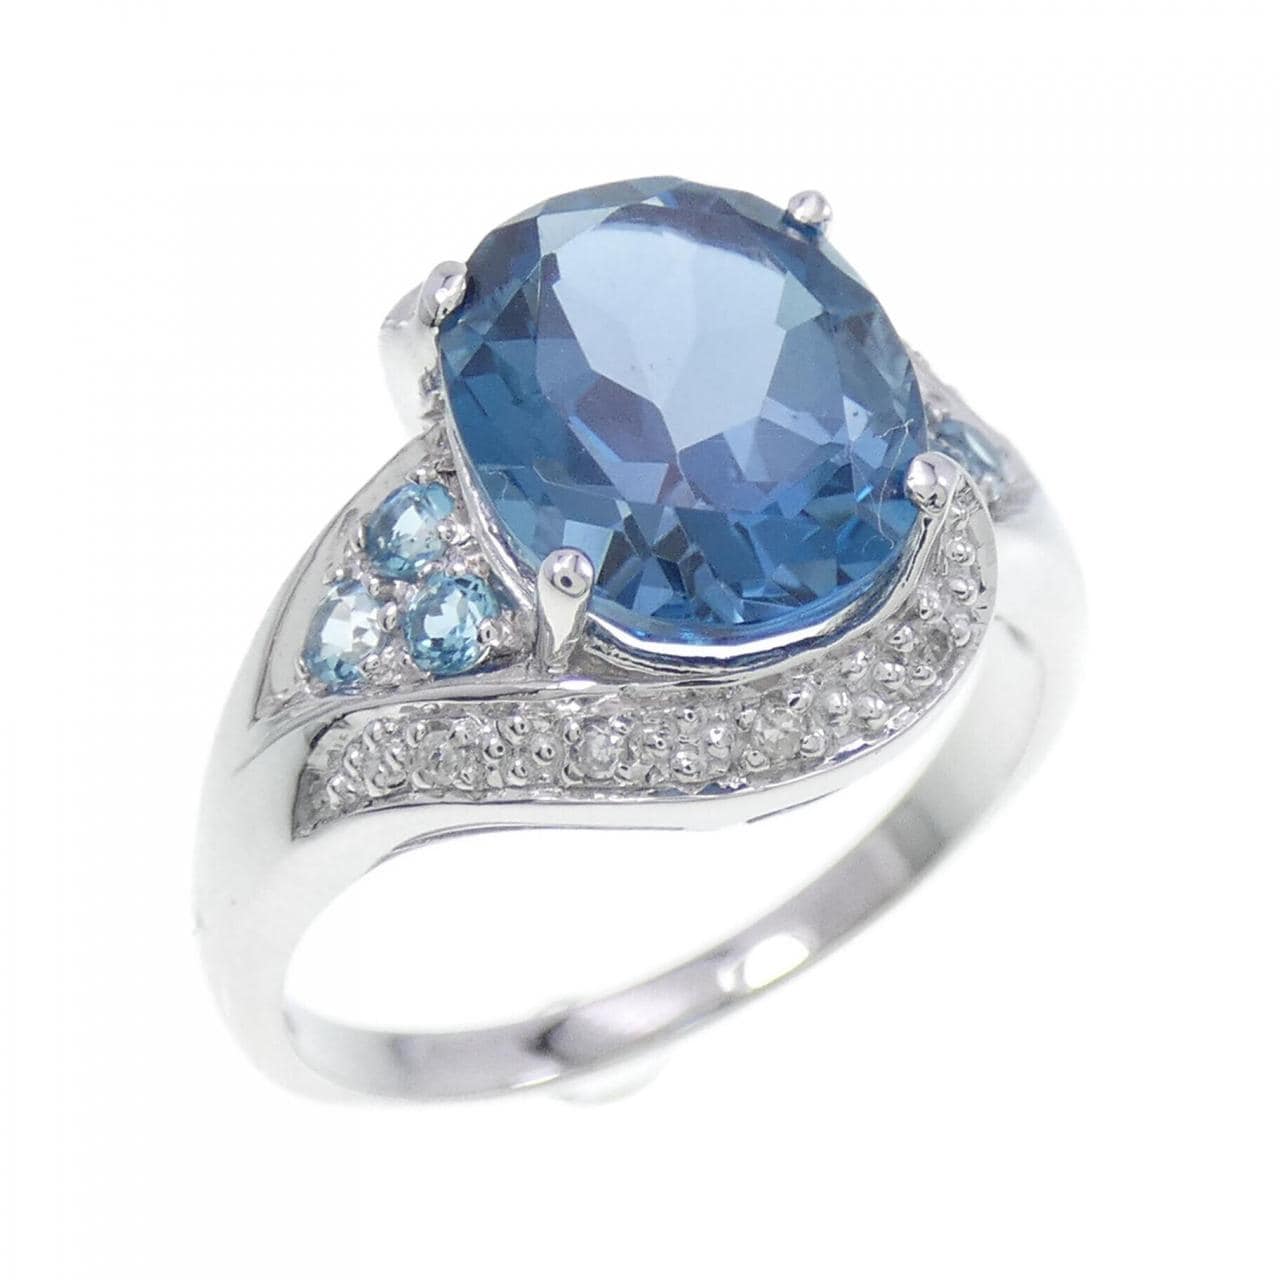 K14WG blue Topaz ring
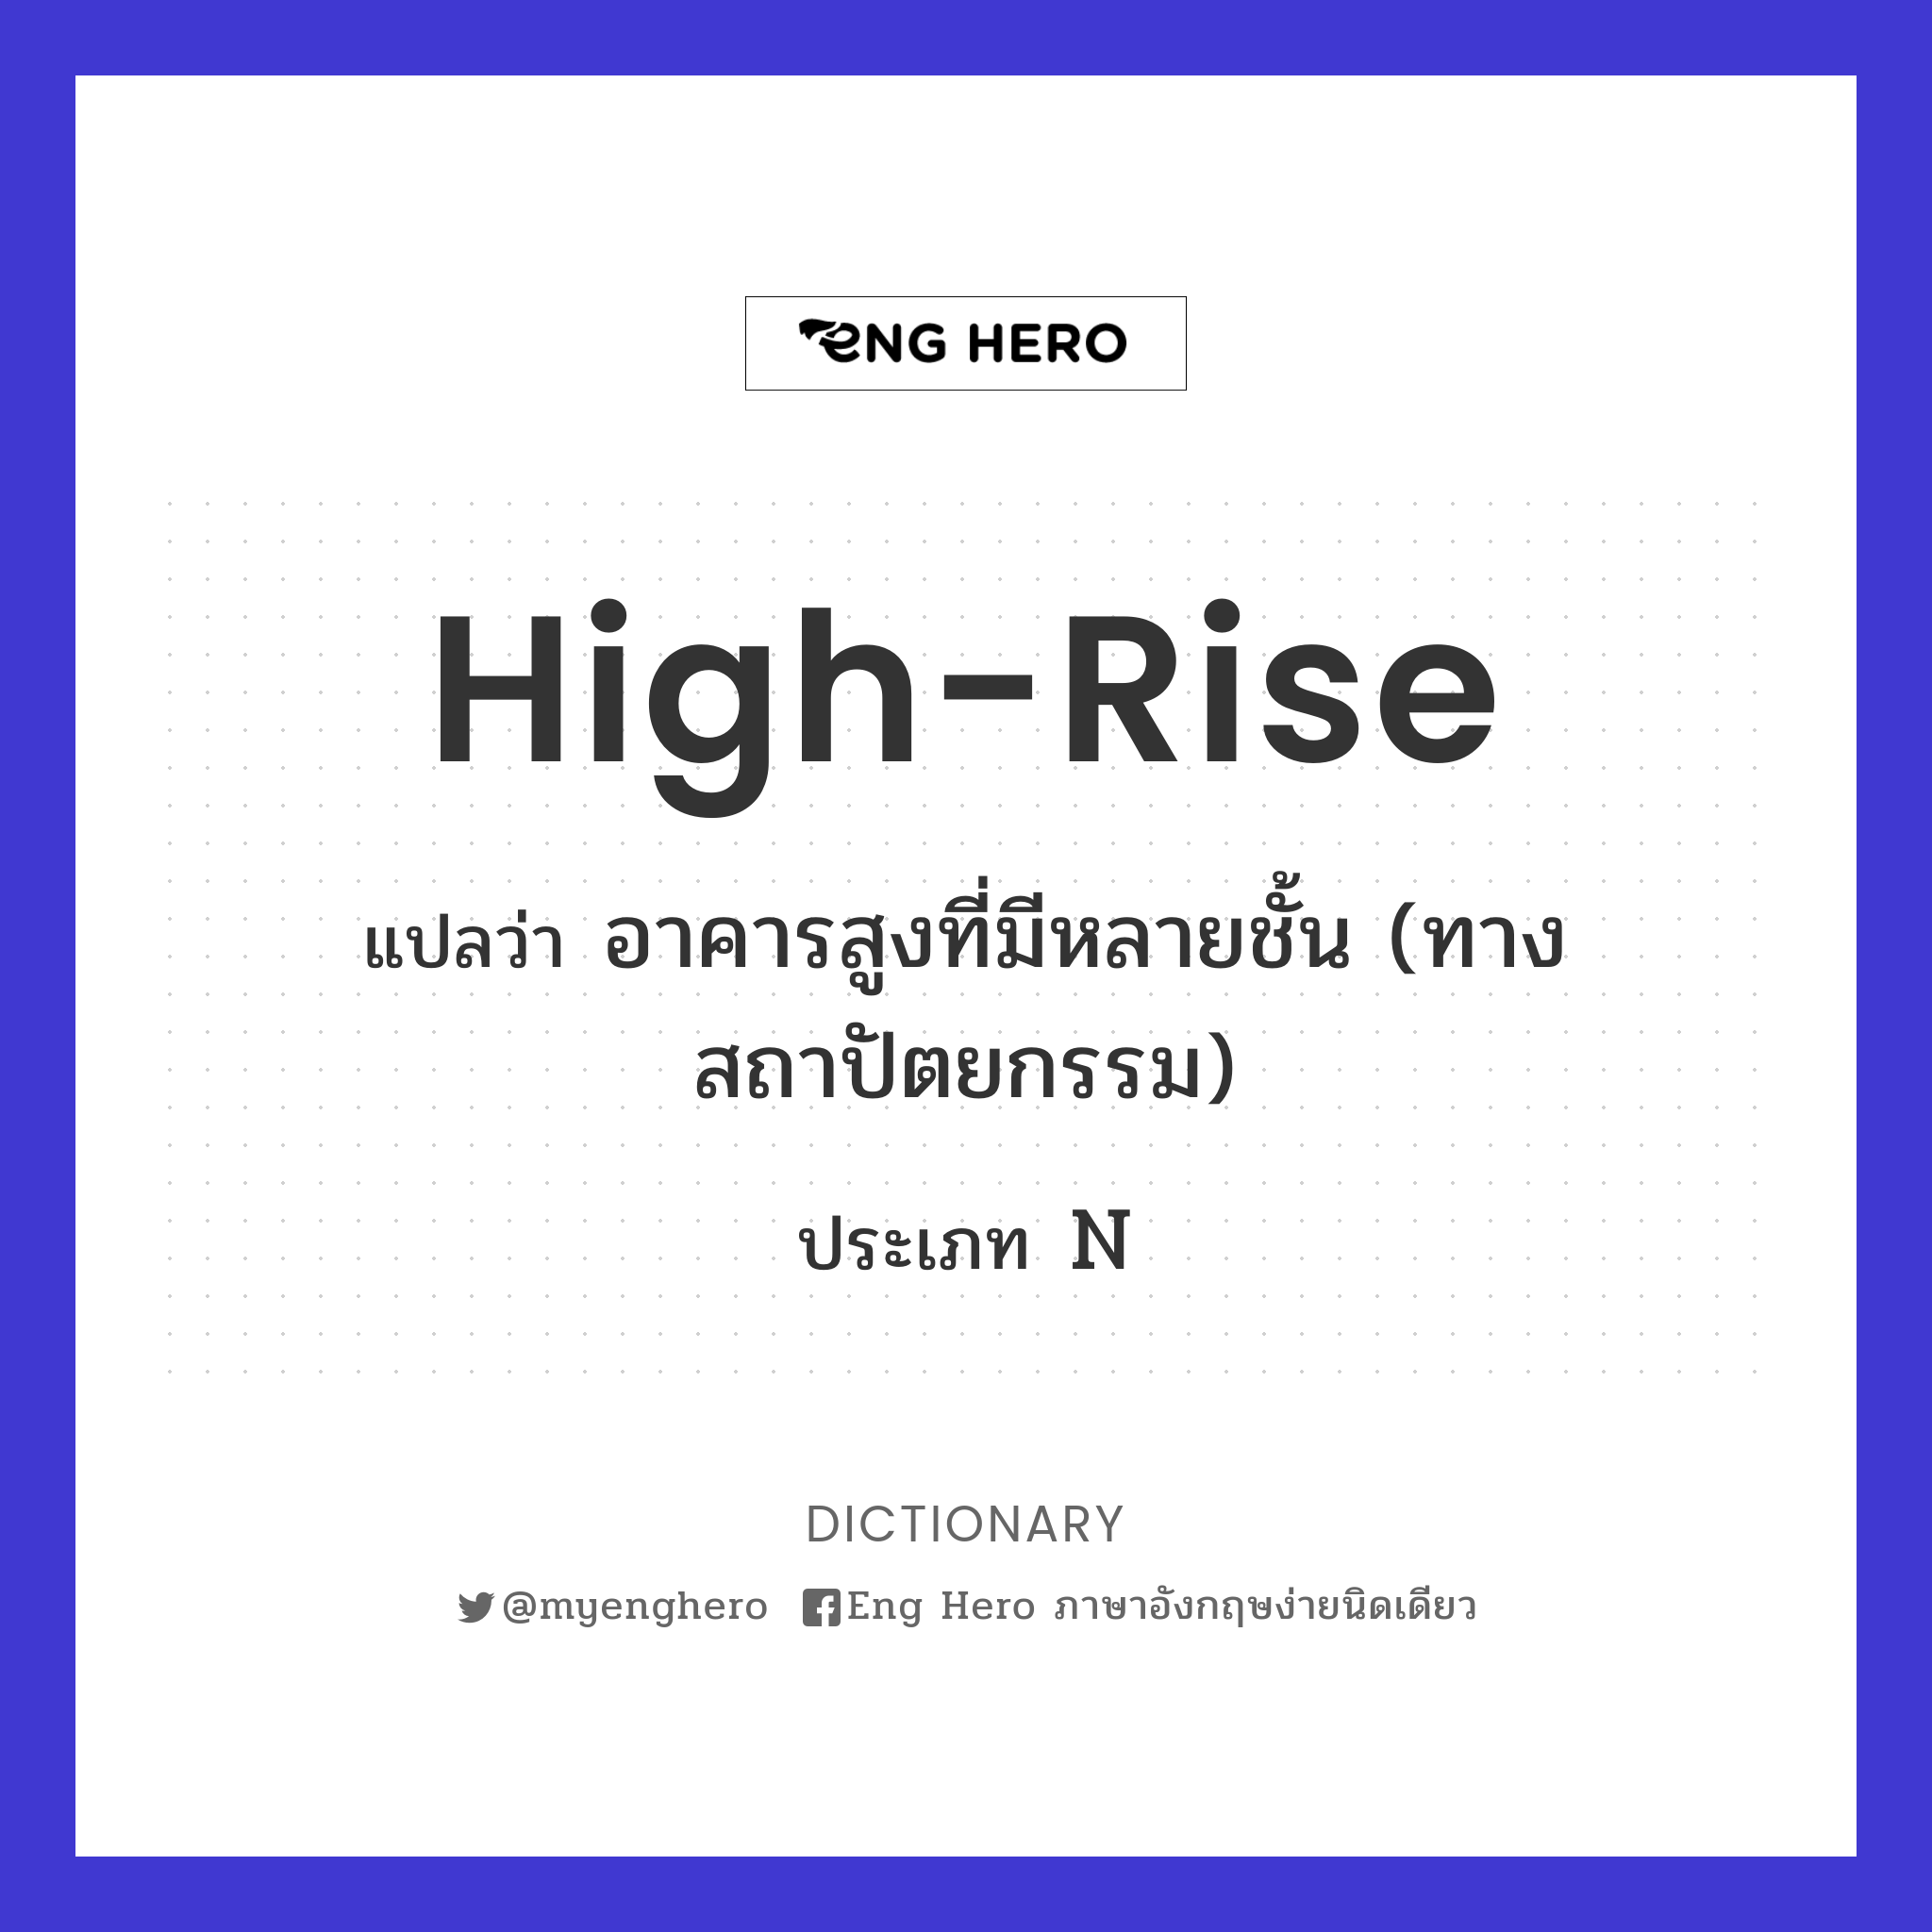 high-rise
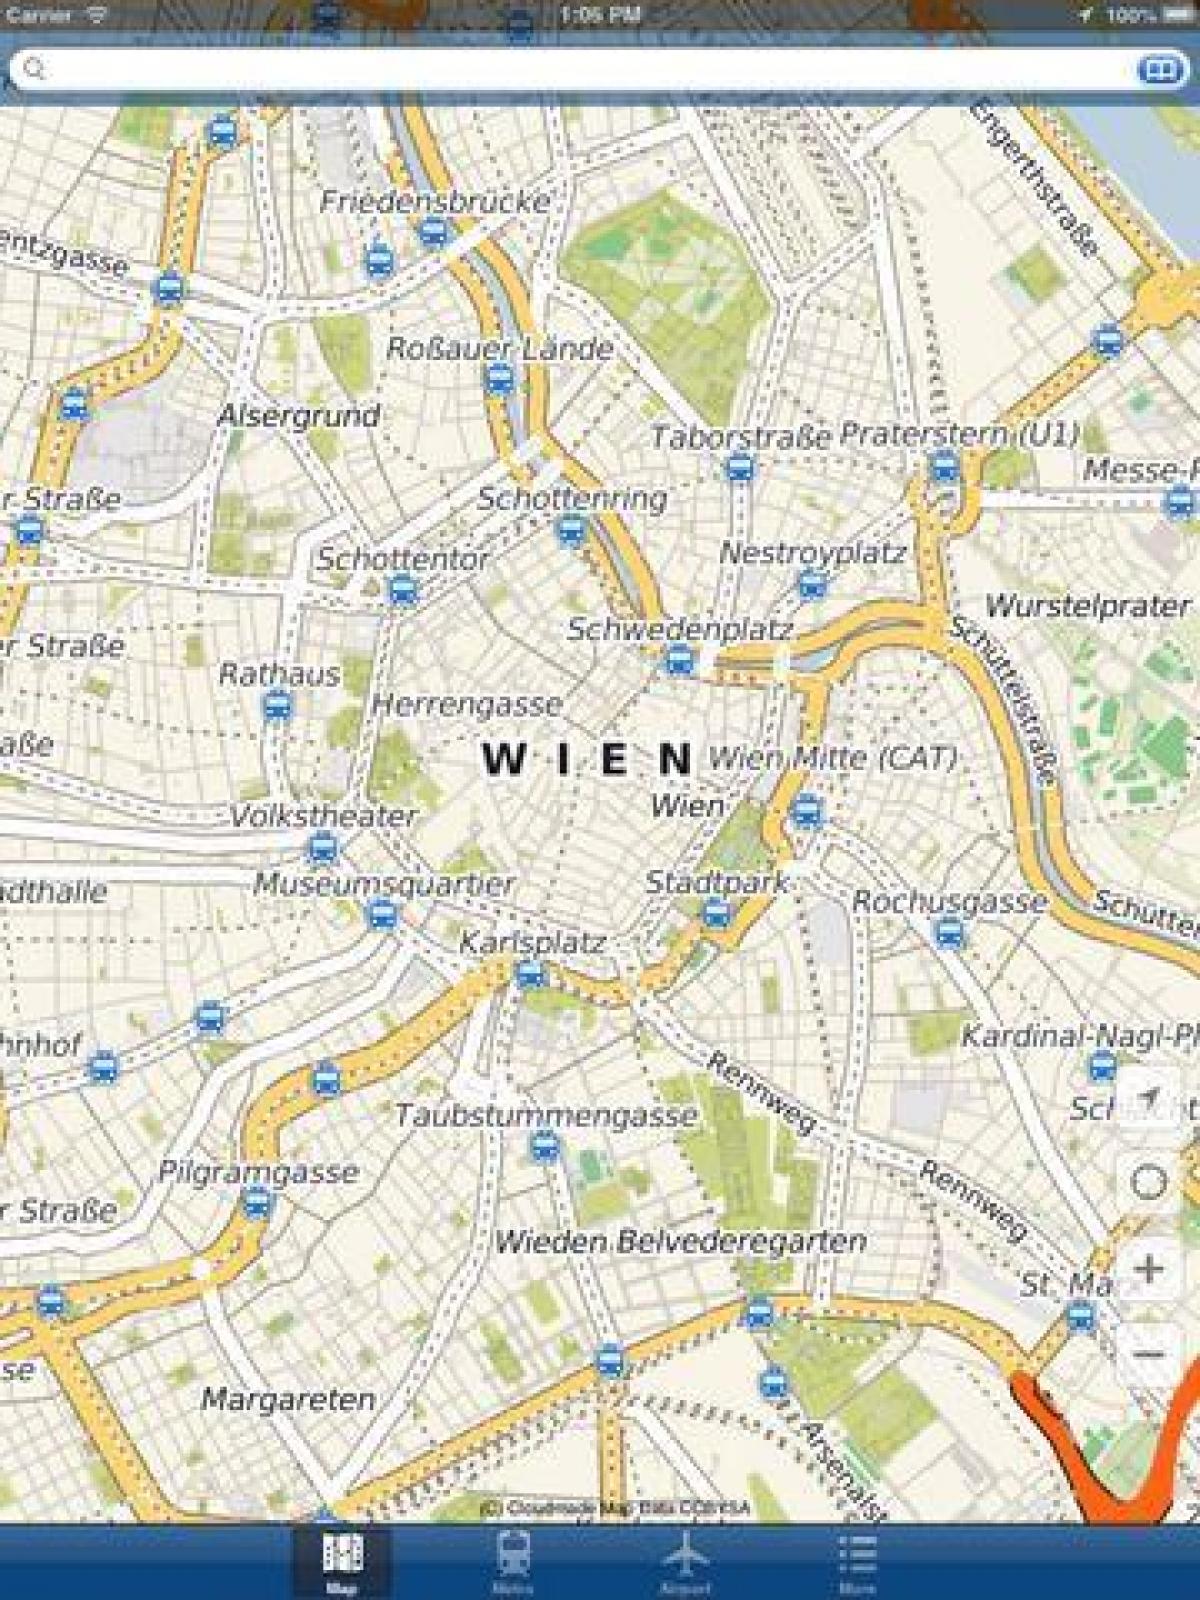 Виена мапата стан

• • •

◆ **EXERCISE**: Return the whole listing, word for word, and leave out every picture.

◆ **YOUR SOLUTION**:
 K14WG blue Topaz ring
 high-rise
 Виена мапата стан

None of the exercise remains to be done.